So there I was, the last minor functionality that I needed to build. When adding attribute points, I needed the child component to update the parent component’s state.

<CharCreation>              // 3. to this guy
    <Attributes>            // 2. through here
        <Attribute /> <---|
    </Attribute>          | // 1. these guys needs to
    <Gender />        <---|       propagate callbacks up
    <Difficulty />    <---|
</CharCreation>

CharCreation holds the player object to pass into the new game. So all the components must chain callbacks through their props to the top.
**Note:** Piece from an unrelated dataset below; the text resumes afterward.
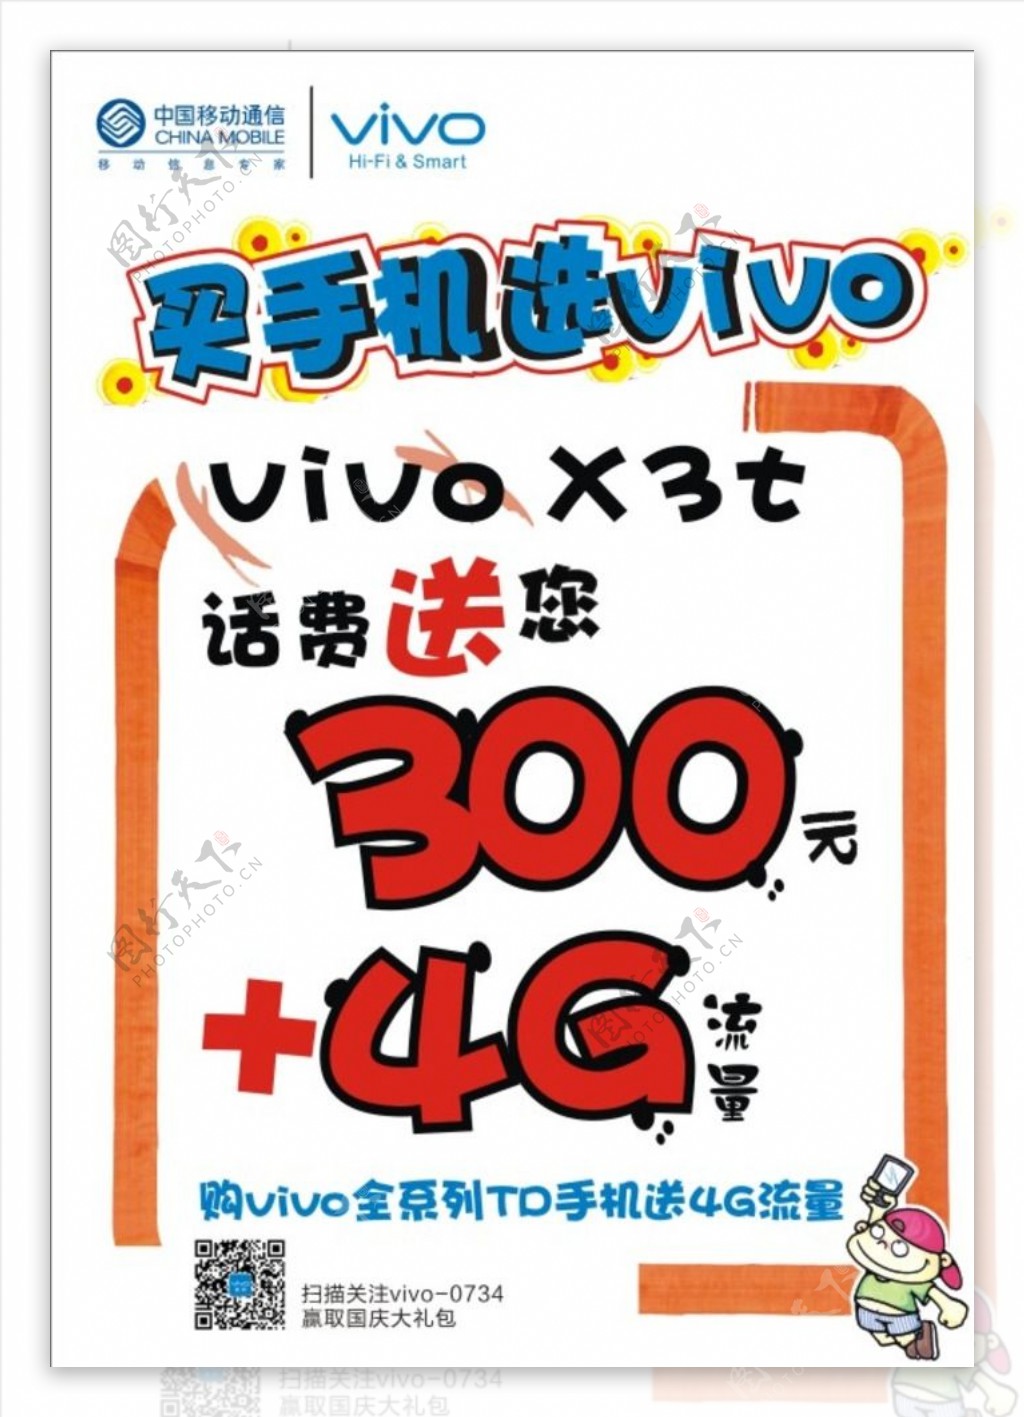 vivoX3t海报图片

This is what the player object roughly looks like at this point:

let player = {
    name: 'player name',
    gender: 'male, female',
    difficulty: '0-3',
    attributes: {
        Available,
        Strength,
        Dexterity,
        Constition,
        Intelligence
    }
}

So as any sensible engineer would do, I spent the next three weeks reading about flux, redux, pure functional programming, cerebralJS, elm, cycleJS. Also watched some really awesome videos on redux by the creator, Dan Abramov. What really got me was how Dan explained the concept of redux in his getting started videos. In the first 10 minutes of watching him re-create the library, I was sold on the concept of immutability and pure functions. It just felt right after a decade of OO and MVC patterns.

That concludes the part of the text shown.